= Michelle Ford (figure skater) =

American figure skater

Michelle Ford is an American figure skater.

==Biography==
Born in Detroit, Ford grew up in Scottsdale, Arizona and began ice skating at 7 years of age. As a youngster she skated singles and pairs with her brother who was later killed in a car accident at the age of 12.

As a teenager, Ford began ice dancing with partner Glenn Parriott, competing for the Skating Club of Phoenix. They became Junior National champions at the U.S. Championships in 1972 held in Long Beach, California. After splitting with Parriott, Ford started skating with Glenn Patterson in 1973.

She and Patterson ranked third in the Nation in 1974, 1975, and 1977 in senior dance. They represented the United States internationally in competitions in Moscow, China, and England. They were also alternates for the 1976 Olympic team.

After placing third in the 1977 U.S. Championships, Ford and Patterson turned professional, traveling as principal skaters in the Ice Follies for two years. During this time, they had their own highlighted dance numbers and skated the characters Betty Lou and Ernie in the Sesame Street segment of the show.

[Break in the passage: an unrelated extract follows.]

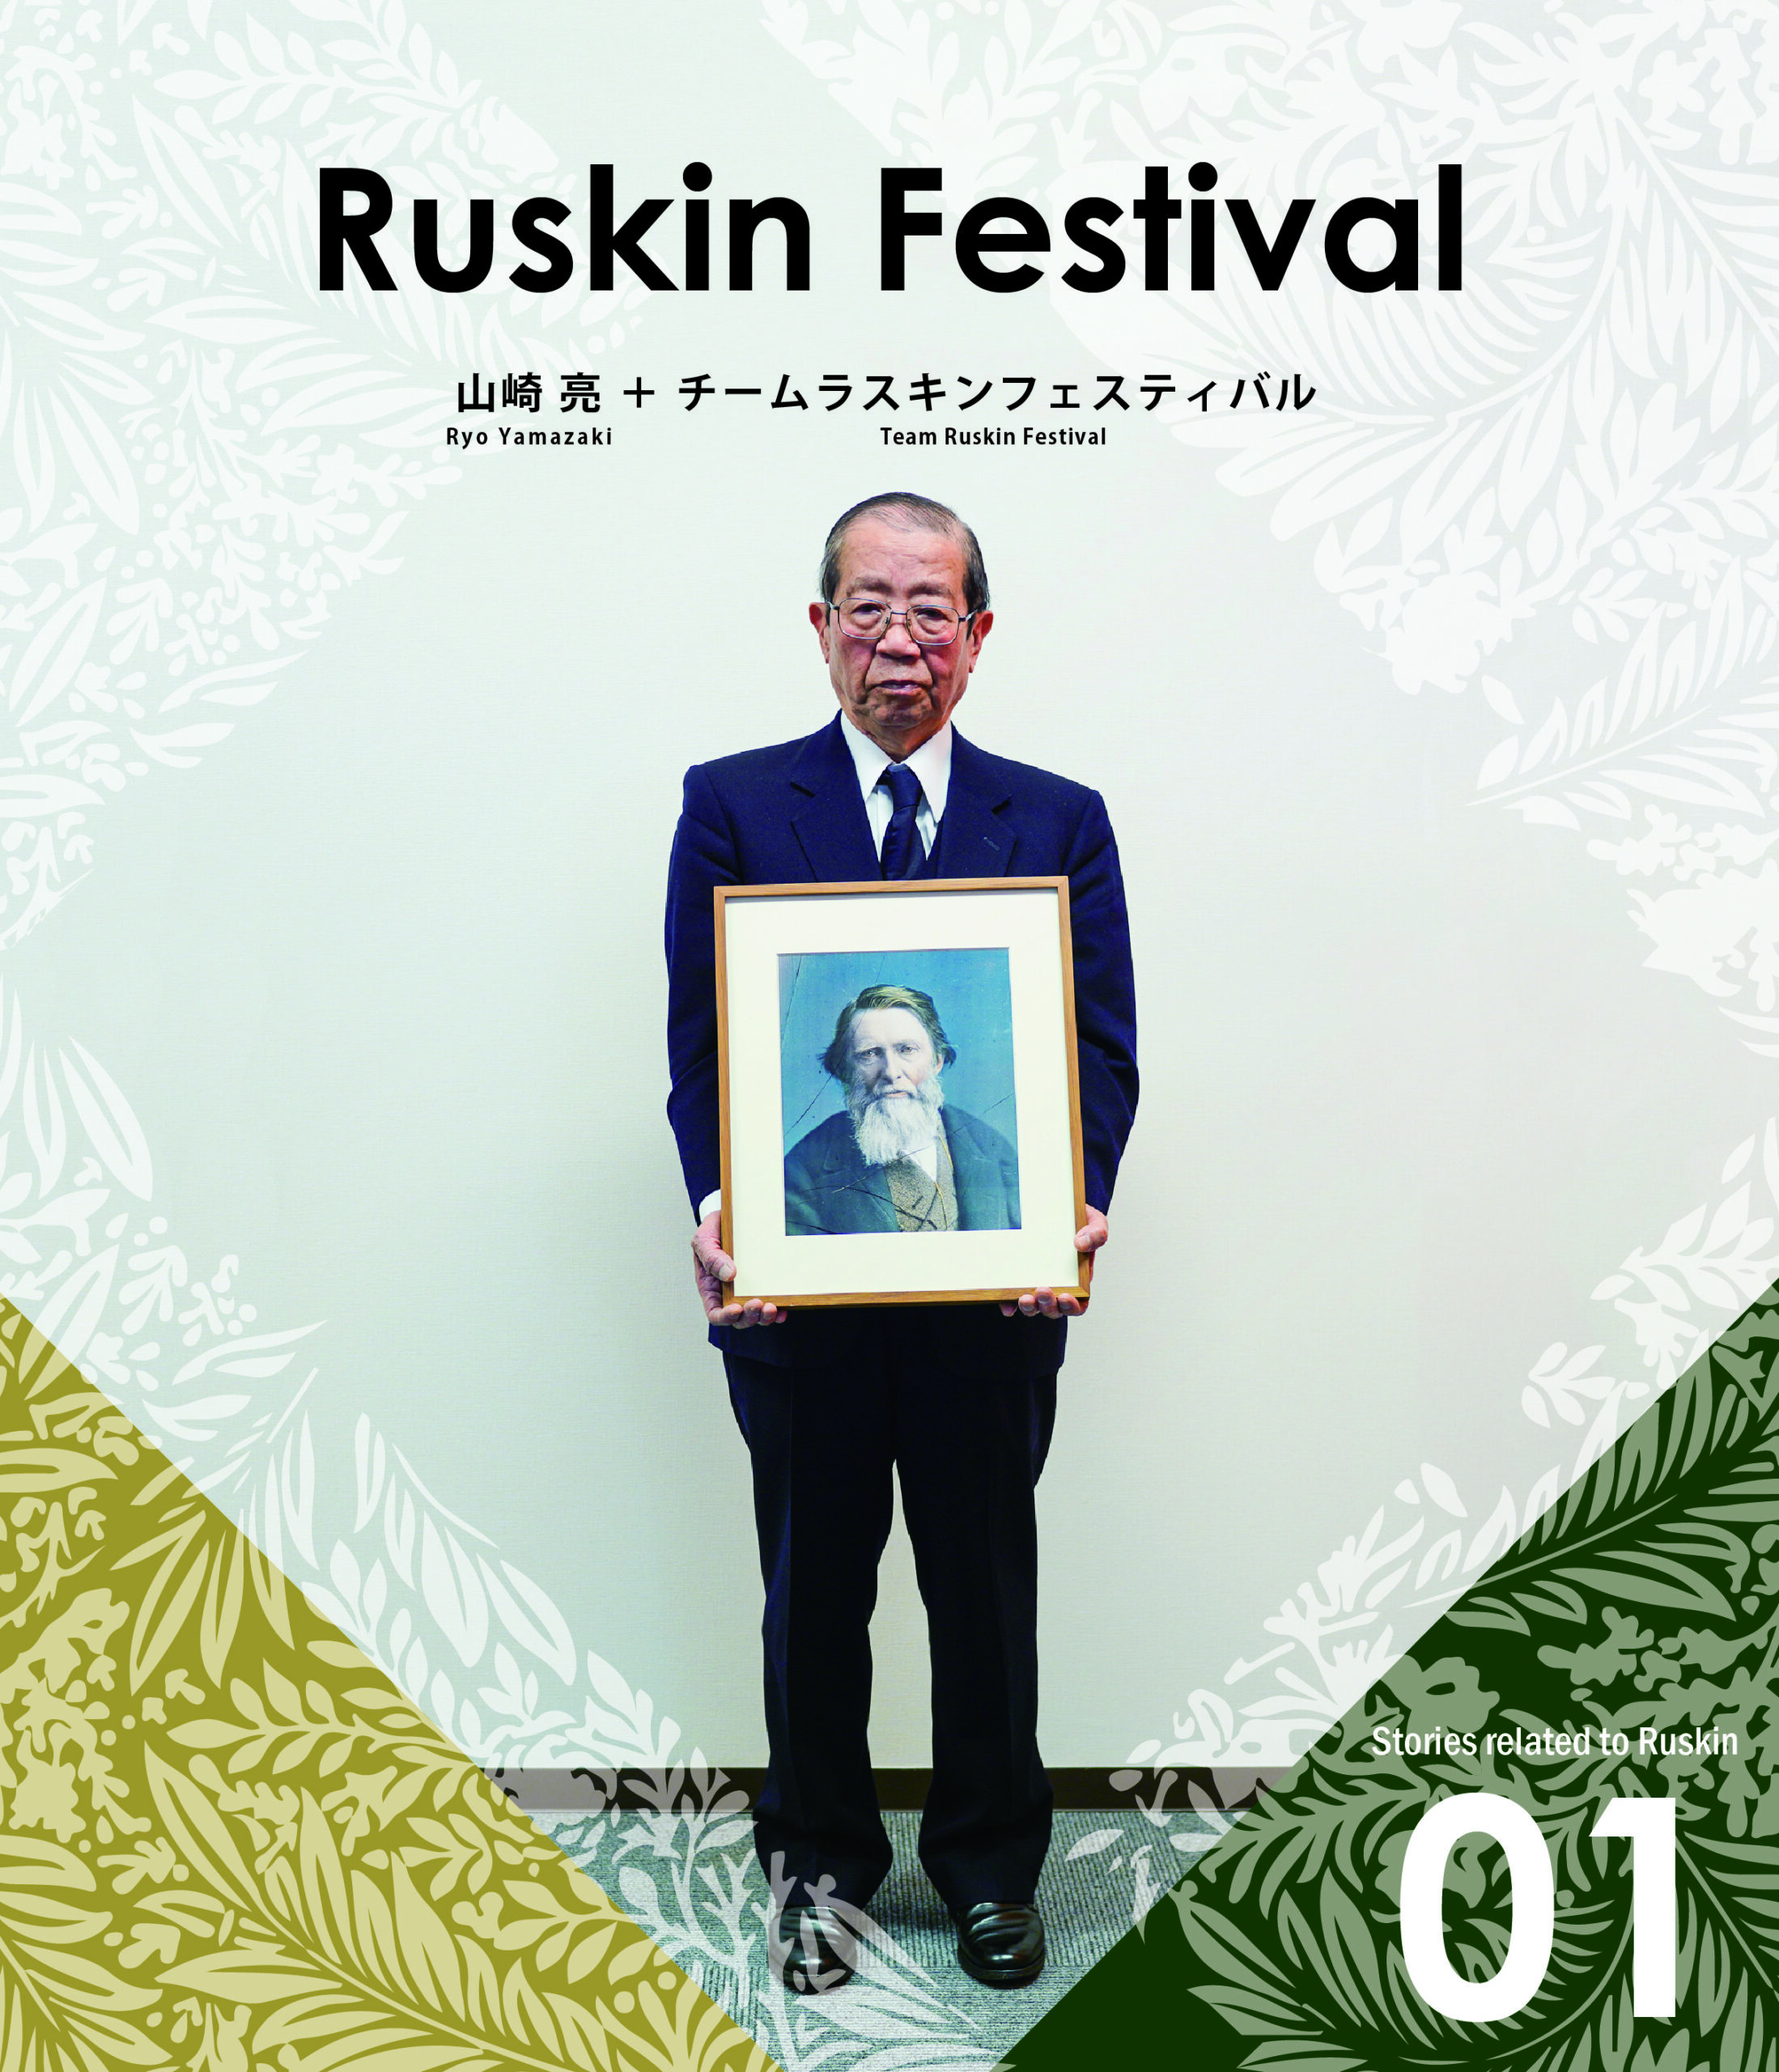 Ruskin Festival
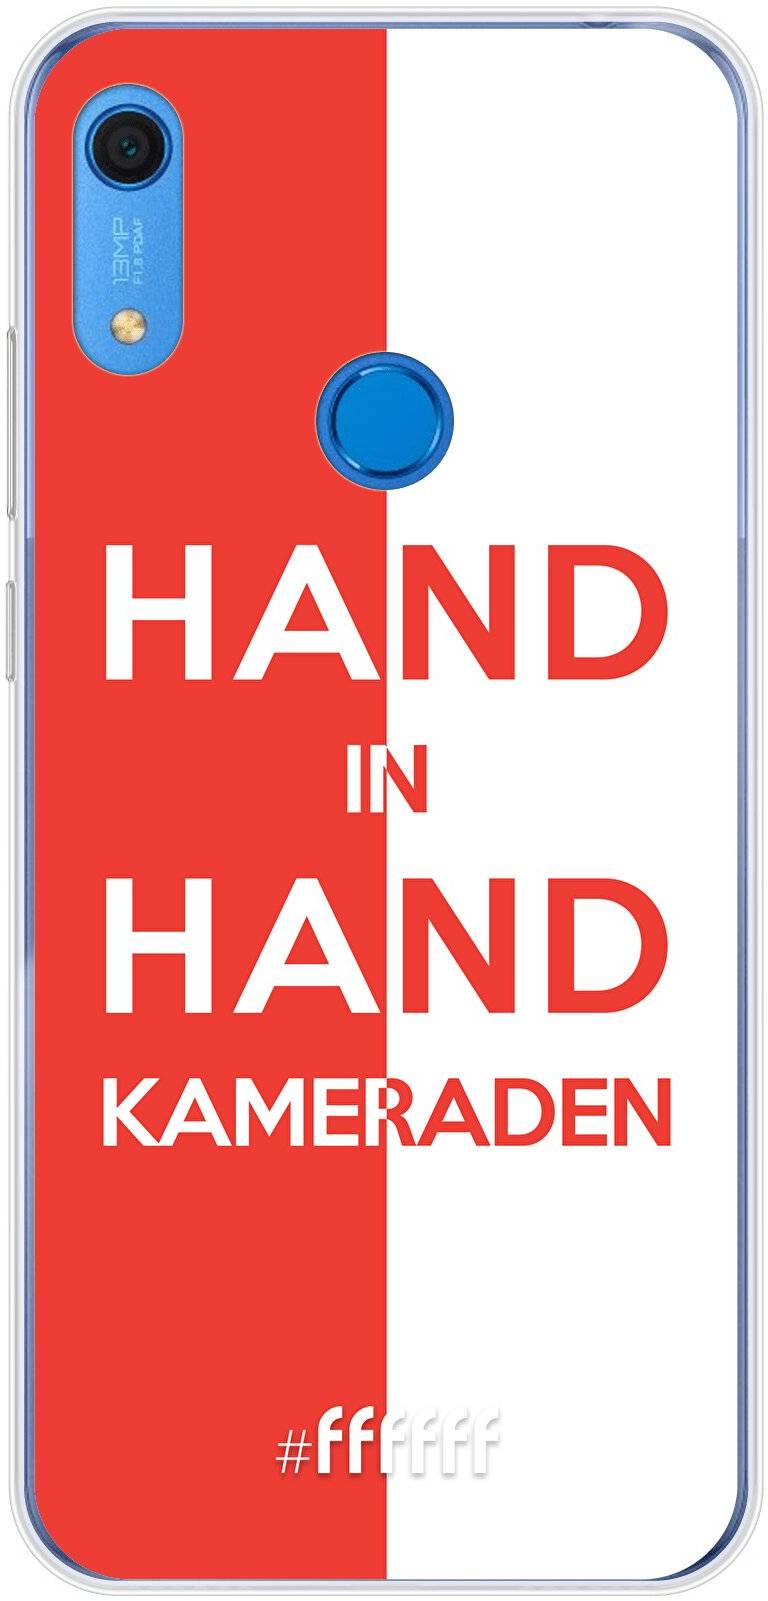 Feyenoord - Hand in hand, kameraden Y6s

In 1979, Ford moved to San Diego and began coaching ice dancing and freestyle skating at the San Diego Ice Arena. Returning to competition in 2004, she skated with Team del Sol representing the San Diego Figure Skating Club, which took third place in the Adult Synchronized Team category at the U.S. Synchronized Team Skating Championships held at the San Diego Sports Arena. Ford directed the annual Christmas show at the San Diego Ice Arena in 2002 and has choreographed numbers in the show since they began the tradition many years ago. She also created, and produced and directed the ice show at Viejas Casino in Alpine, CA in 2008 and 2009.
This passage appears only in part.